### DATA
--
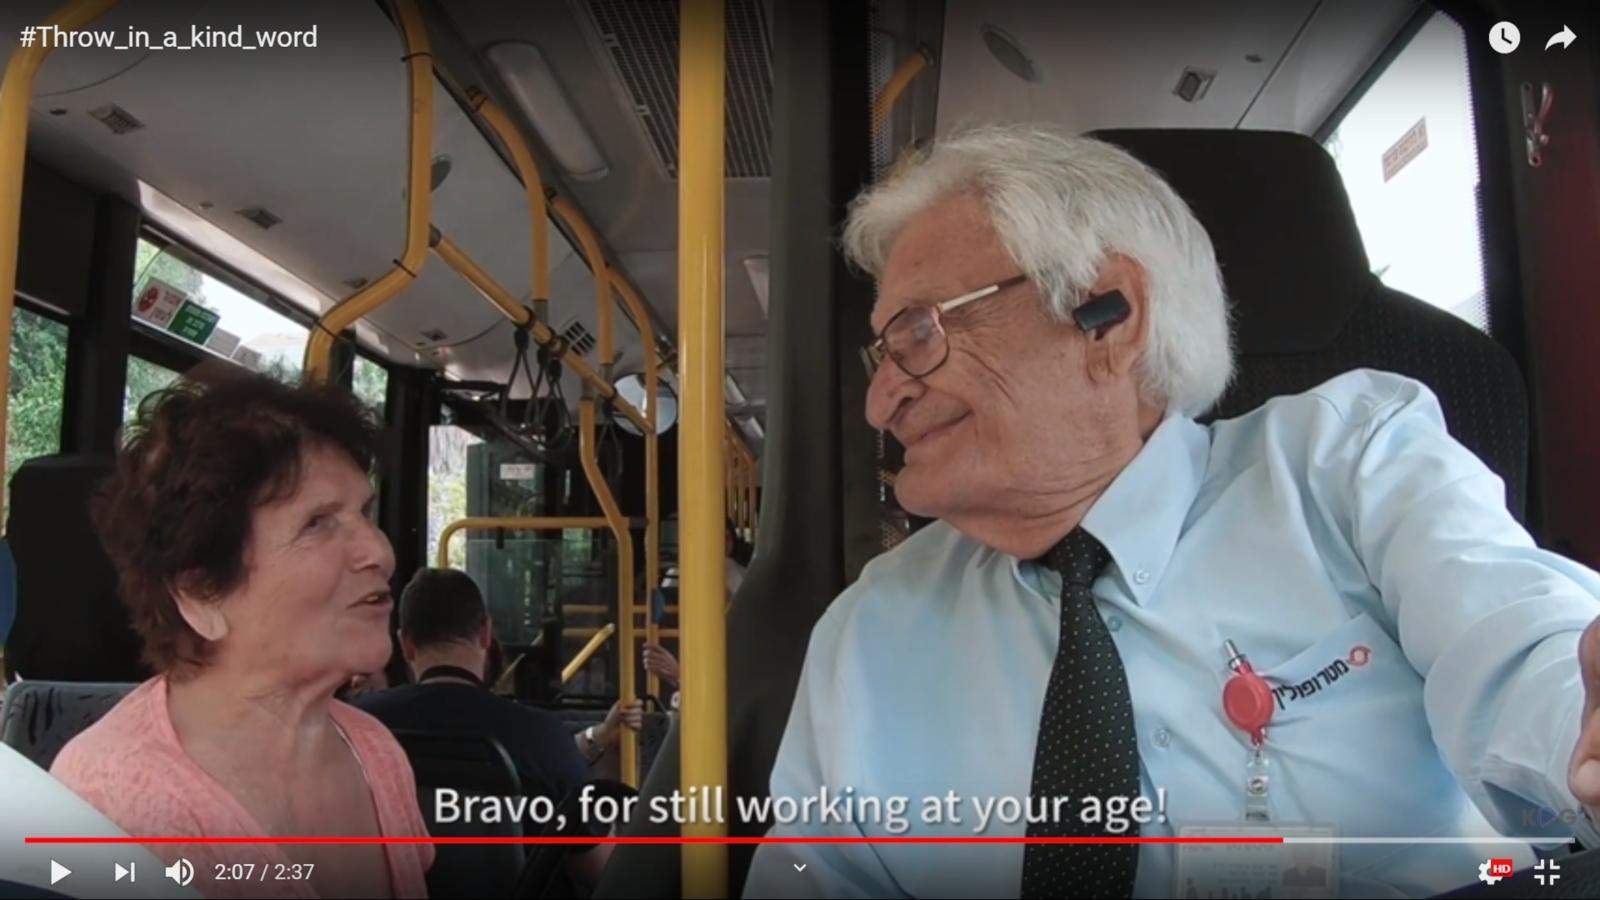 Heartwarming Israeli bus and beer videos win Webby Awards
--
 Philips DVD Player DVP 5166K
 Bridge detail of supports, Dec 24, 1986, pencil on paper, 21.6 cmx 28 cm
--
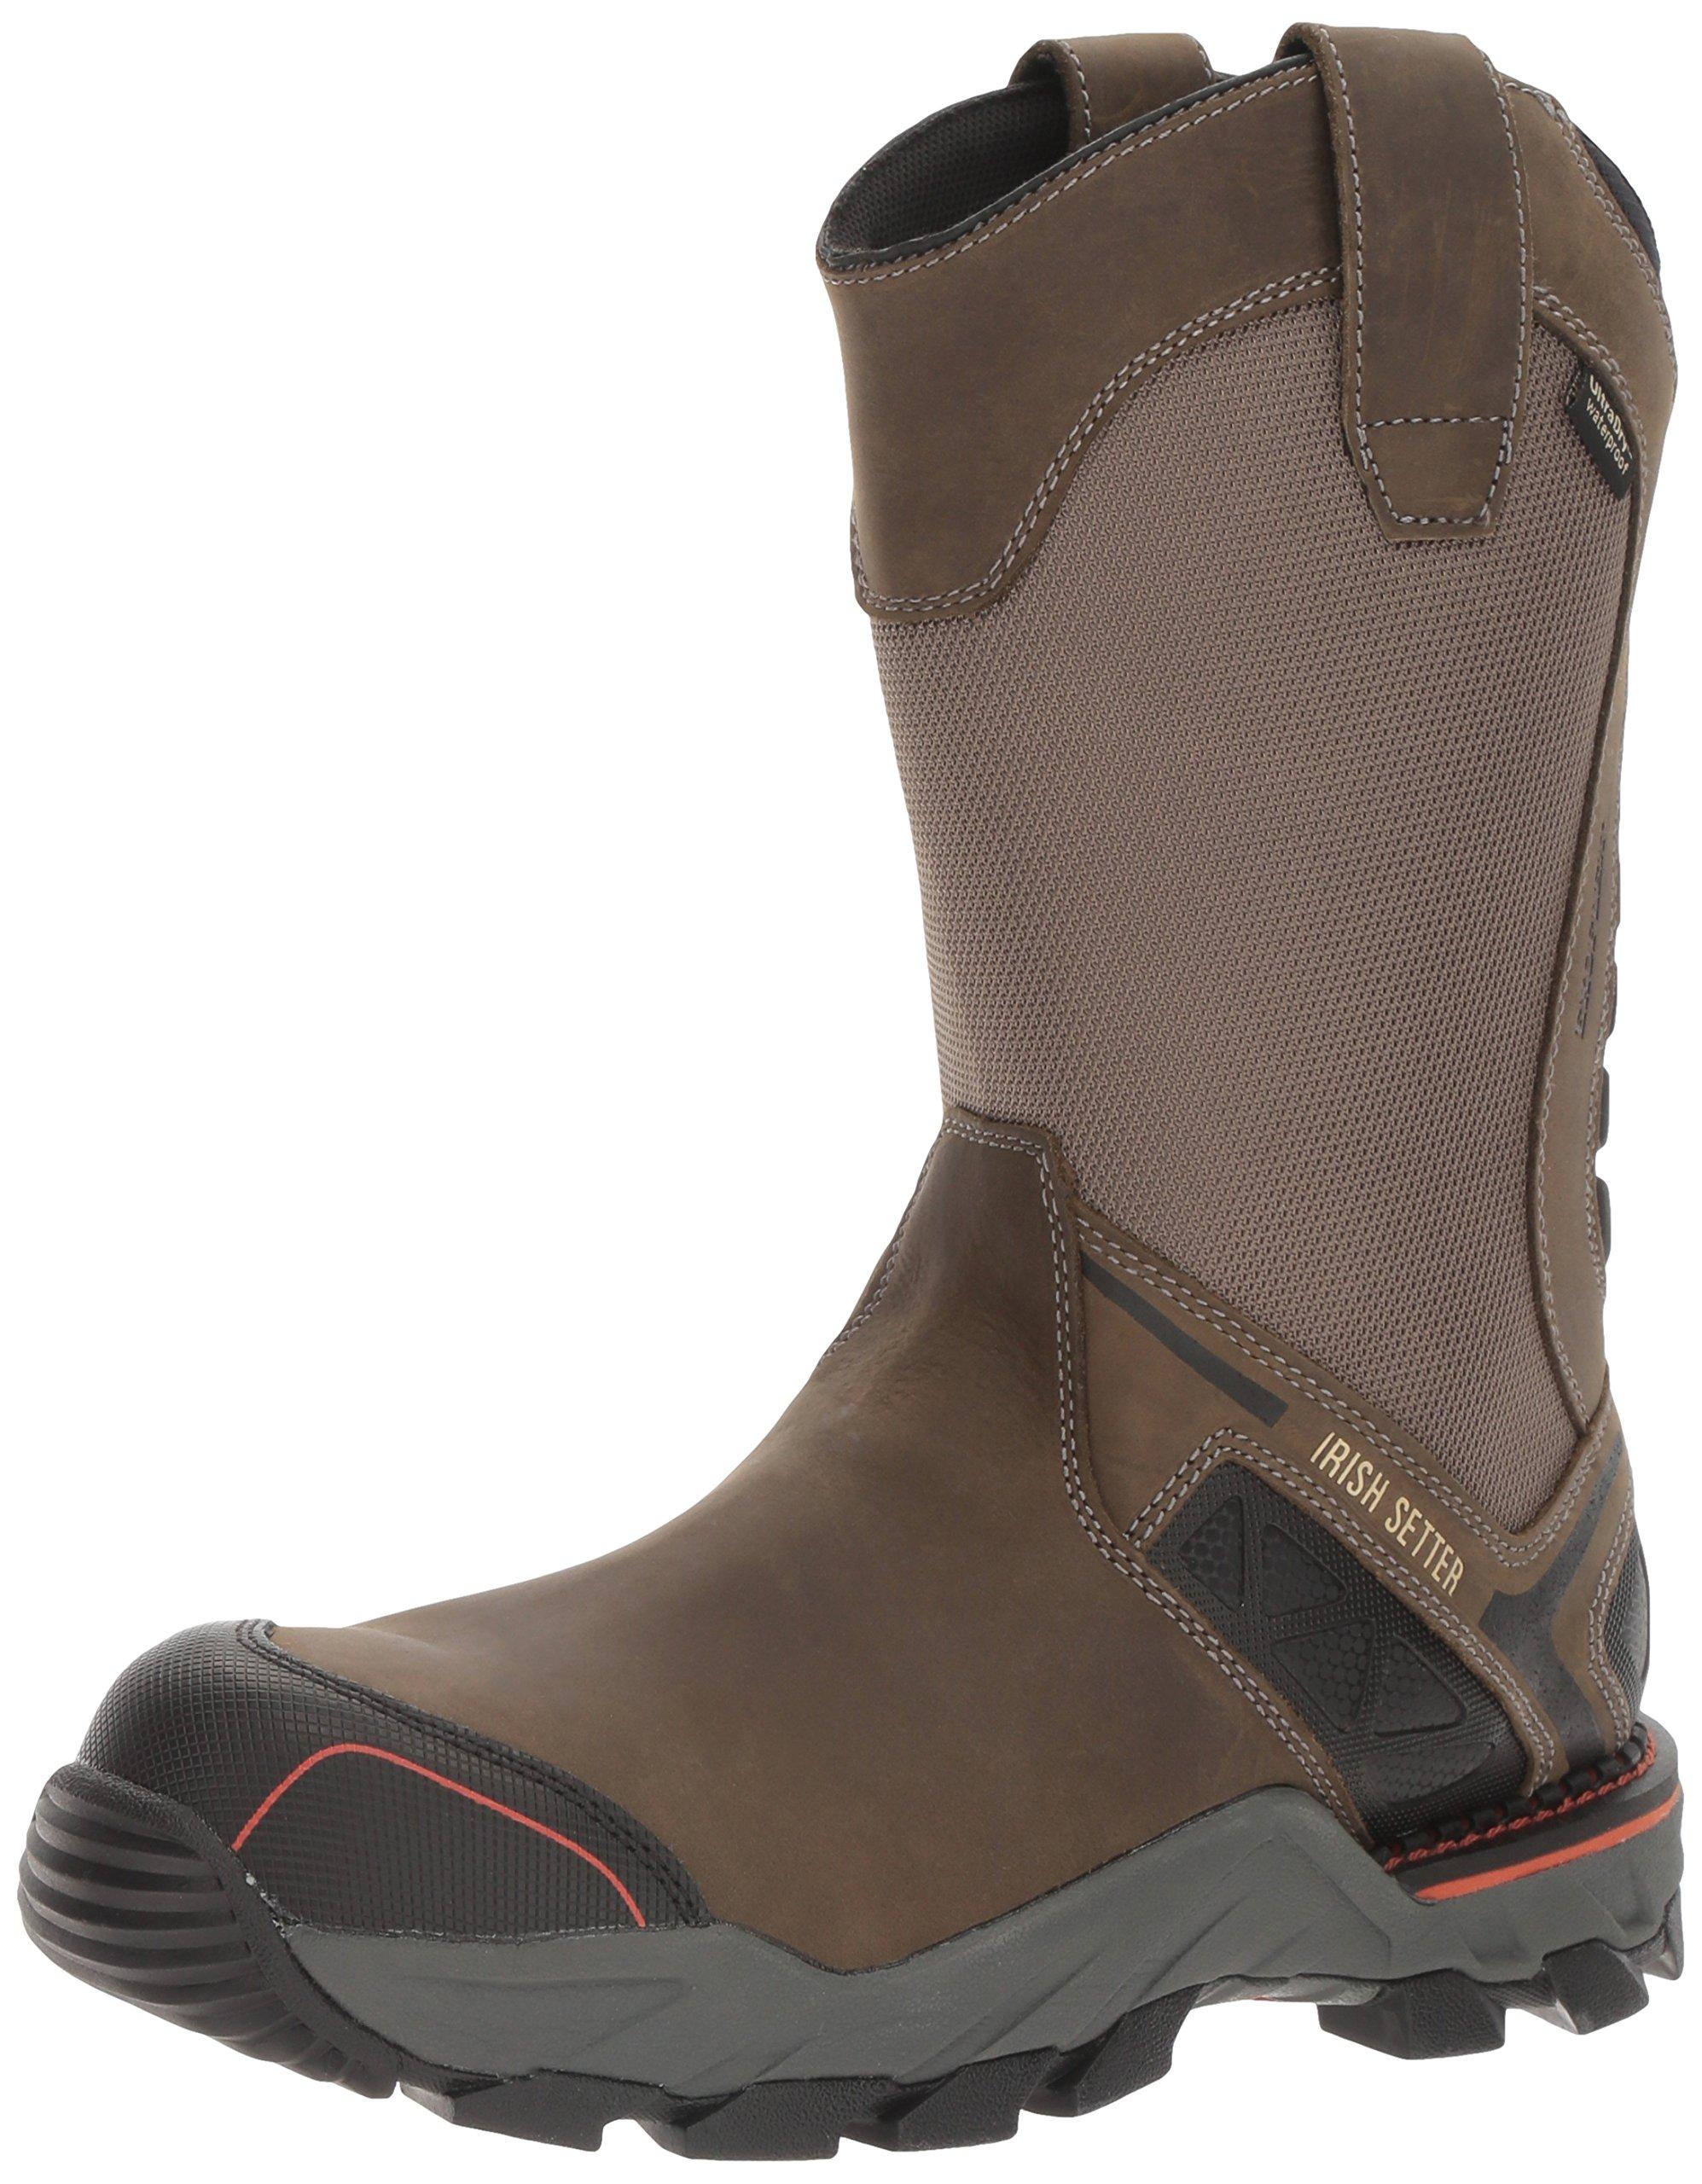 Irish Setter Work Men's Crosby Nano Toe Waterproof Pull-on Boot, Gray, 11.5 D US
--
### TO DO
Above is a listing; print exactly its lines from the one with "Philips DVD Player DVP 5166K" through the one with "Bridge detail of", and no other lines.

### WRITTEN RESPONSE
 Philips DVD Player DVP 5166K
 Bridge detail of supports, Dec 24, 1986, pencil on paper, 21.6 cmx 28 cm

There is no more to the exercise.